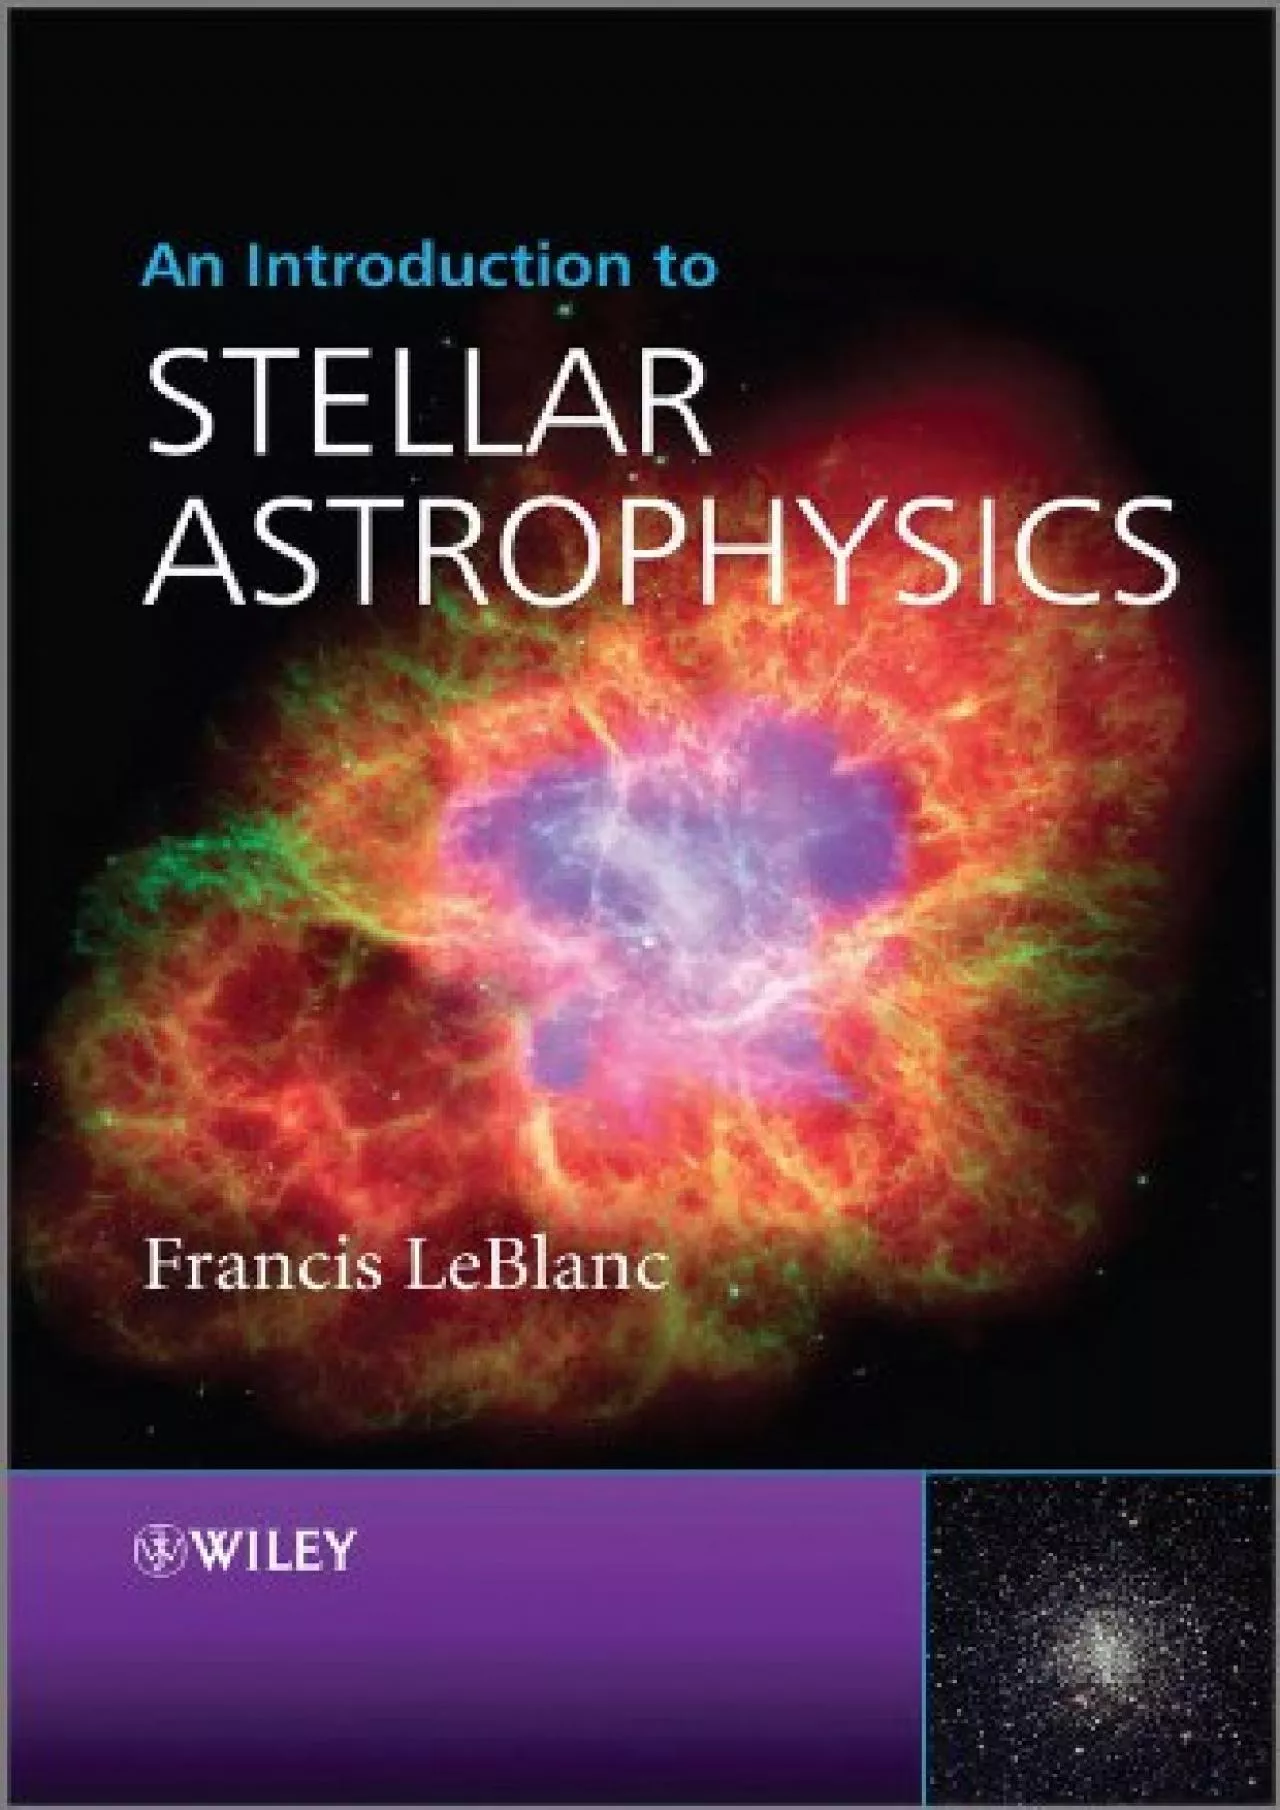 (BOOK)-An Introduction to Stellar Astrophysics
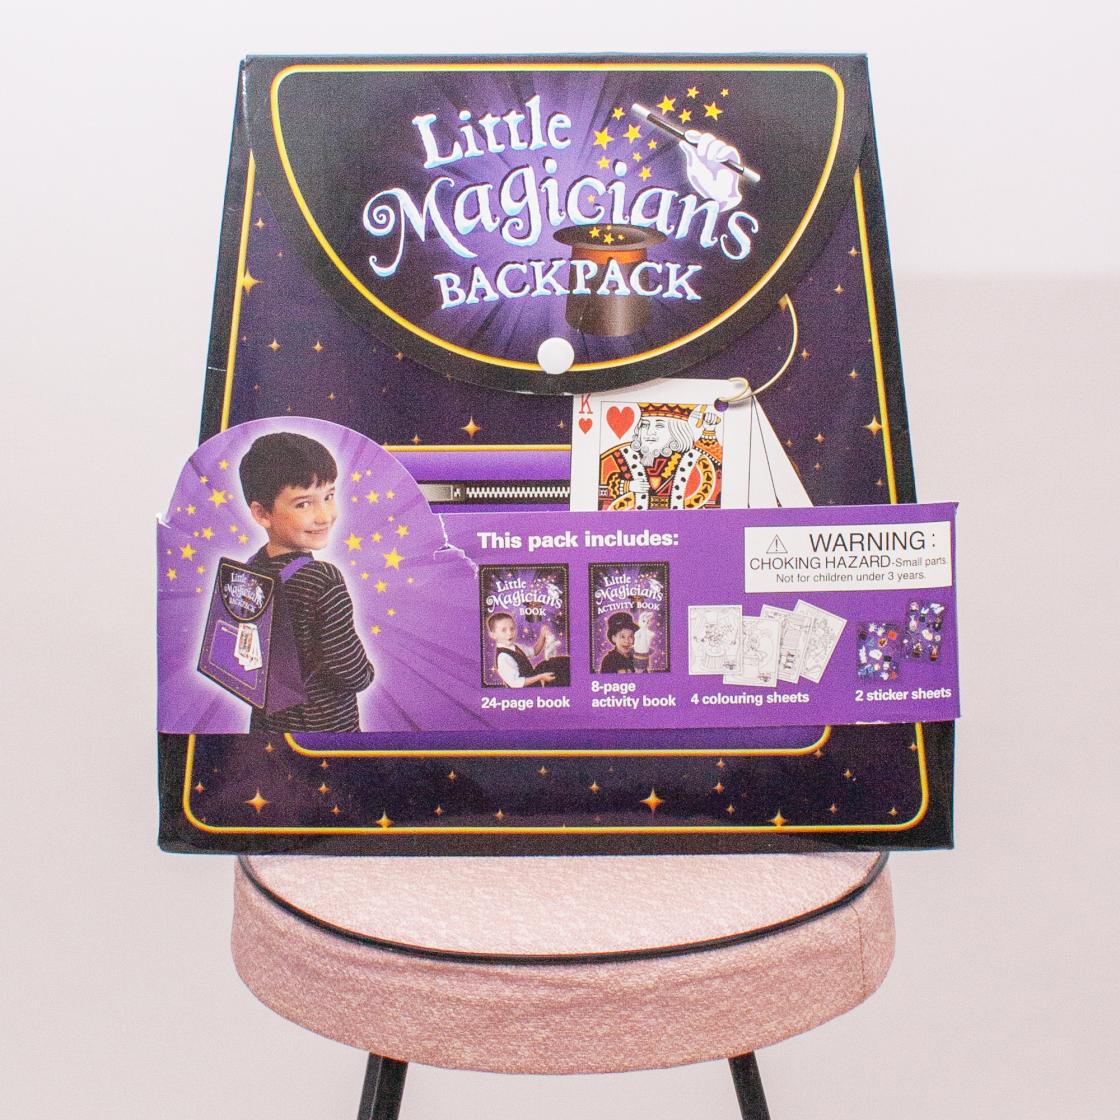 Little Magicians Backpack "Brand New"
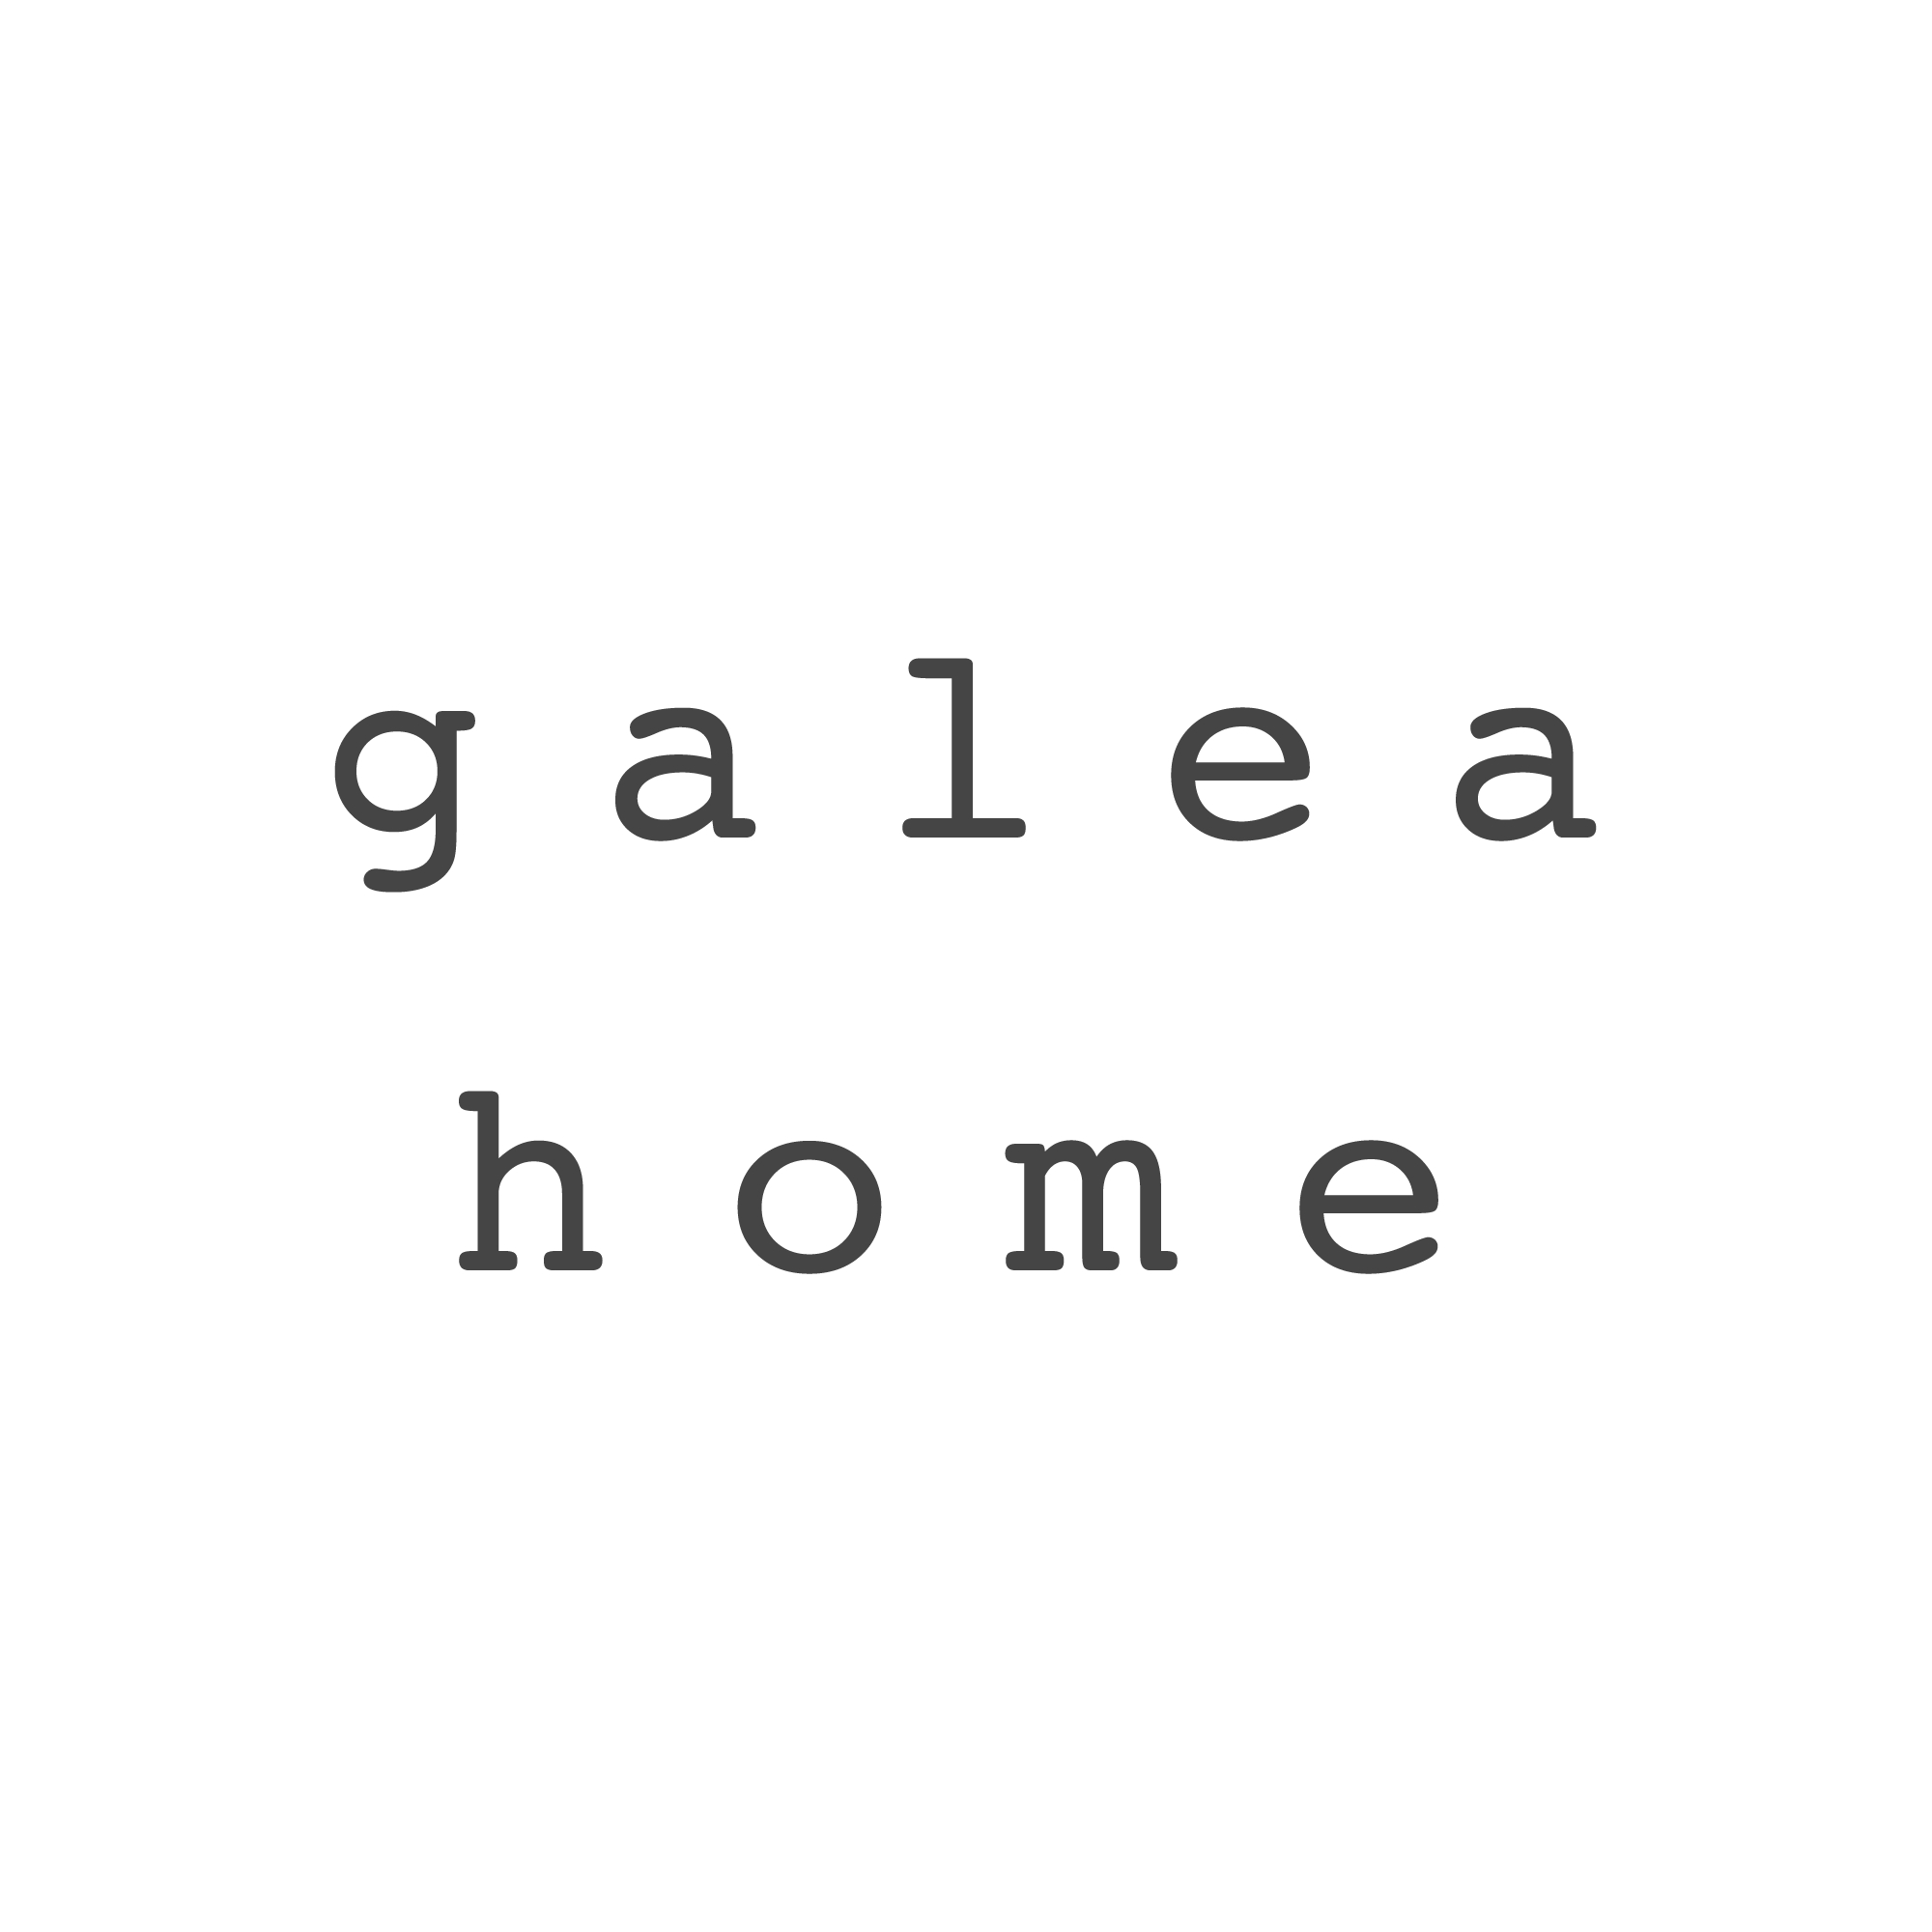 Galea Home Coupons
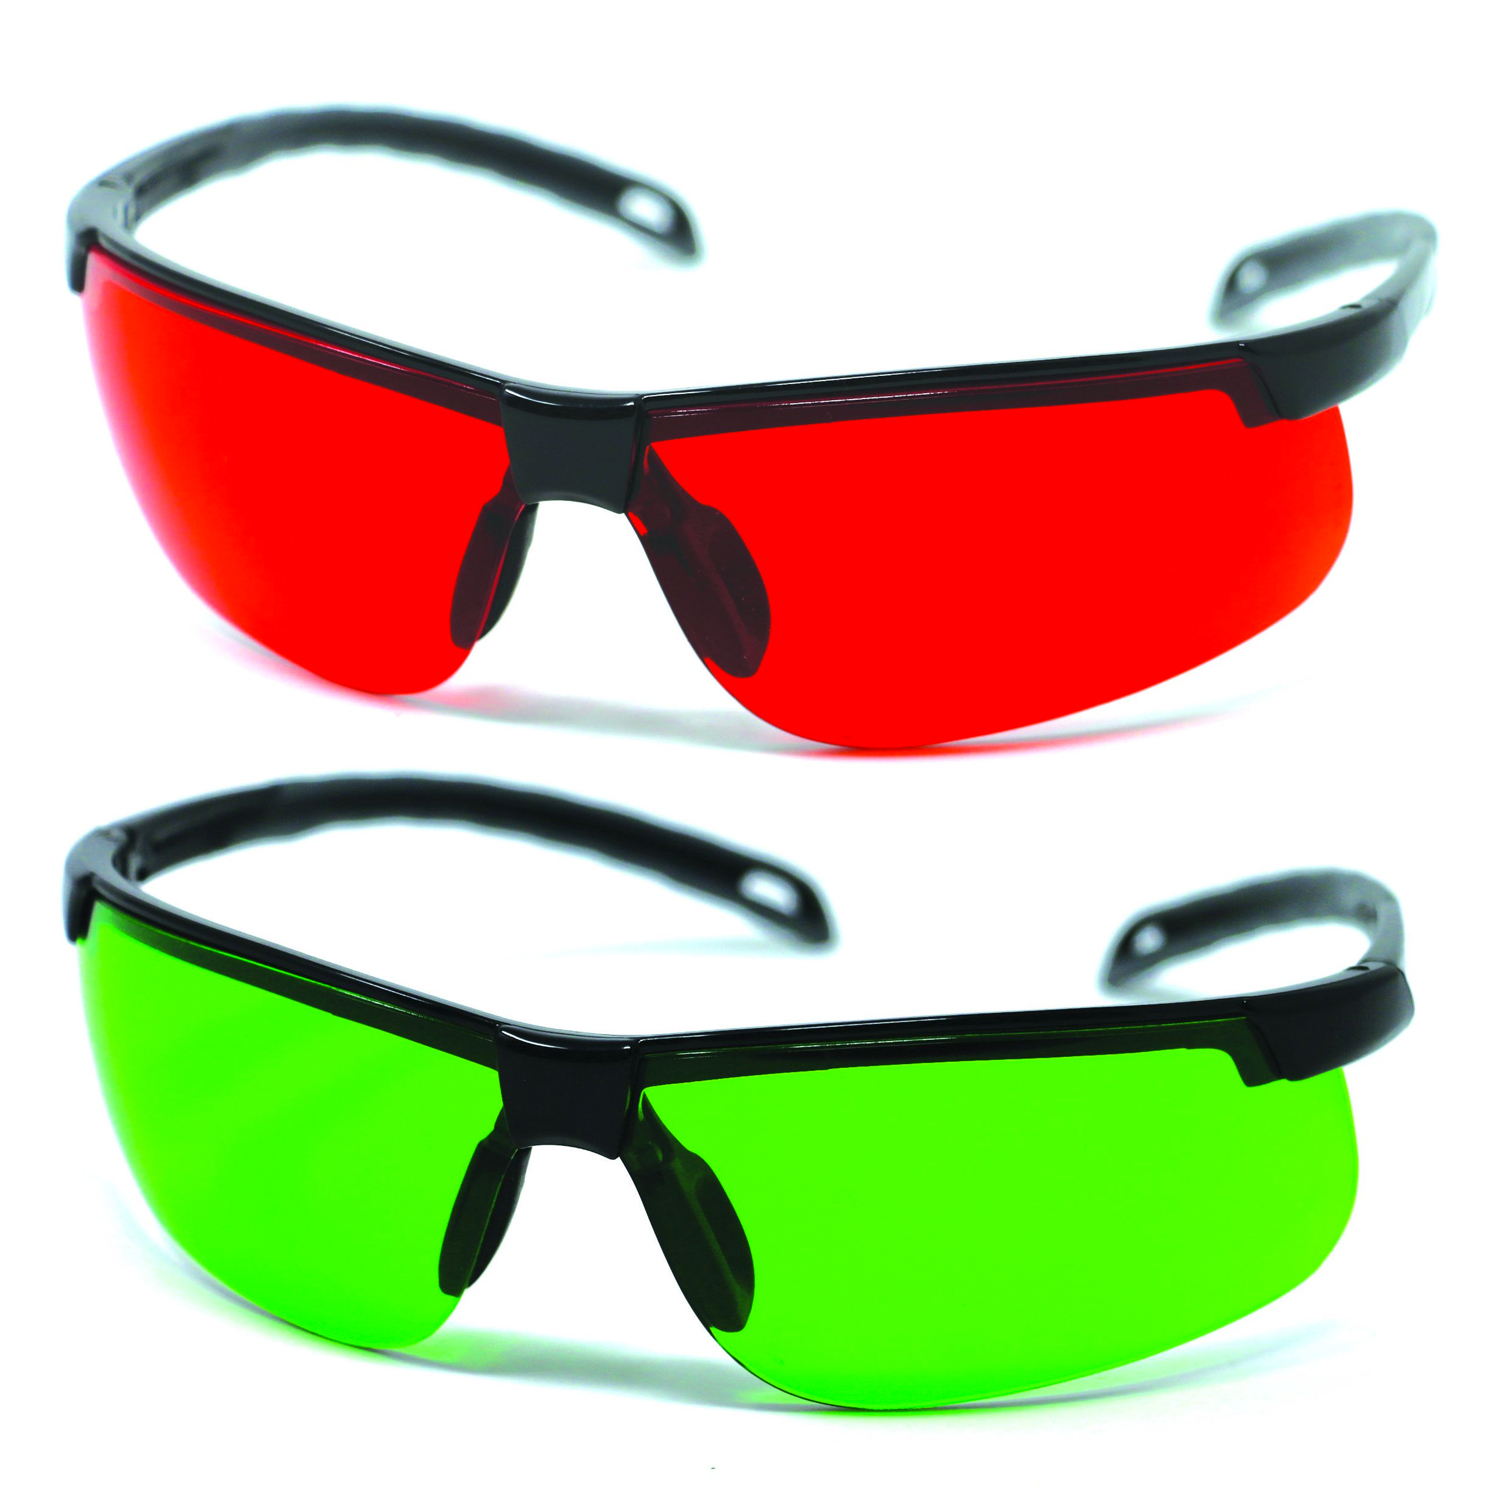 LaserVision Red & Green Glasses

☆ ☆ ☆ ☆ ☆ ☆ ☆

What to work on
Before you finish, make sure every line above has been repeated exactly and no picture remains in the copy.

Output
 (BOOK)-An Introduction to Stellar Astrophysics
 Little Magicians Backpack "Brand New"
 Galea Home Coupons
 LaserVision Red & Green Glasses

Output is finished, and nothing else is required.